From an industry perspective, our work aligns with the growing trend of “small but smart” model optimization. Rather than pursuing brute-force scaling of network depth and width, we demonstrate that targeted insertion of attention mechanisms can yield significant gains for specific challenging tasks like small UAV drone detection. This approach is more accessible for organizations with limited computational budgets and accelerates the adoption of AI-based visual surveillance in low-altitude security.

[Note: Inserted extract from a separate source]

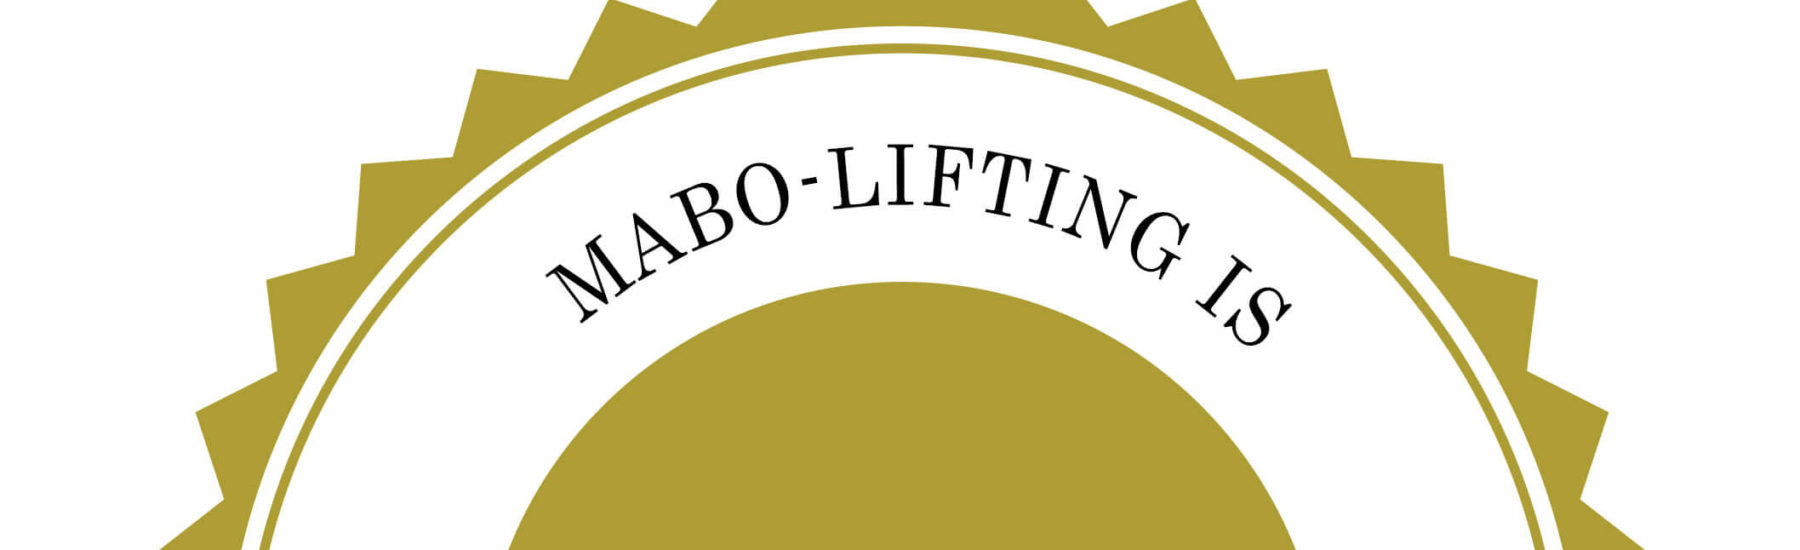 Mabo-Lifting

Conclusion and Future Work

In this study, we addressed the challenging problem of small UAV drone detection in complex backgrounds by integrating the CBAM attention mechanism into the YOLOv5s backbone. The proposed YOLOv5s-CBAM model enhances both channel-wise and spatial-wise feature selection, allowing the network to focus on discriminative cues relevant to the small UAV drone target while suppressing background noise. Experimental results on the VisDrone2021 dataset demonstrate that our method improves Precision from 83.5% to 87.6% and mAP@0.5 from 81.0% to 83.7%, with negligible impact on inference speed. These improvements are practically significant for real-time low-altitude security applications where false alarms must be minimized.

We acknowledge that our current experiments are limited to a subset of the VisDrone2021 dataset. Future work could expand the evaluation to larger and more diverse datasets, including scenes with adverse weather conditions (rain, fog, strong sunlight) and occluded UAV drone targets. Additionally, we plan to investigate more advanced attention mechanisms such as Coordinate Attention or Efficient Channel Attention, and possibly combine them with lightweight transformers for further refinement. Another direction is to incorporate multi-modal inputs (e.g., infrared or radar) into the detection framework to improve robustness under all-weather conditions. Finally, we aim to deploy the YOLOv5s-CBAM model on actual edge devices and validate its performance in field trials, bridging the gap between laboratory research and operational deployment.

In conclusion, our work provides a practical and effective solution for small UAV drone detection, contributing to the safe integration of UAV drones into the low-altitude airspace and enhancing the security of critical assets against unauthorized aerial intrusions.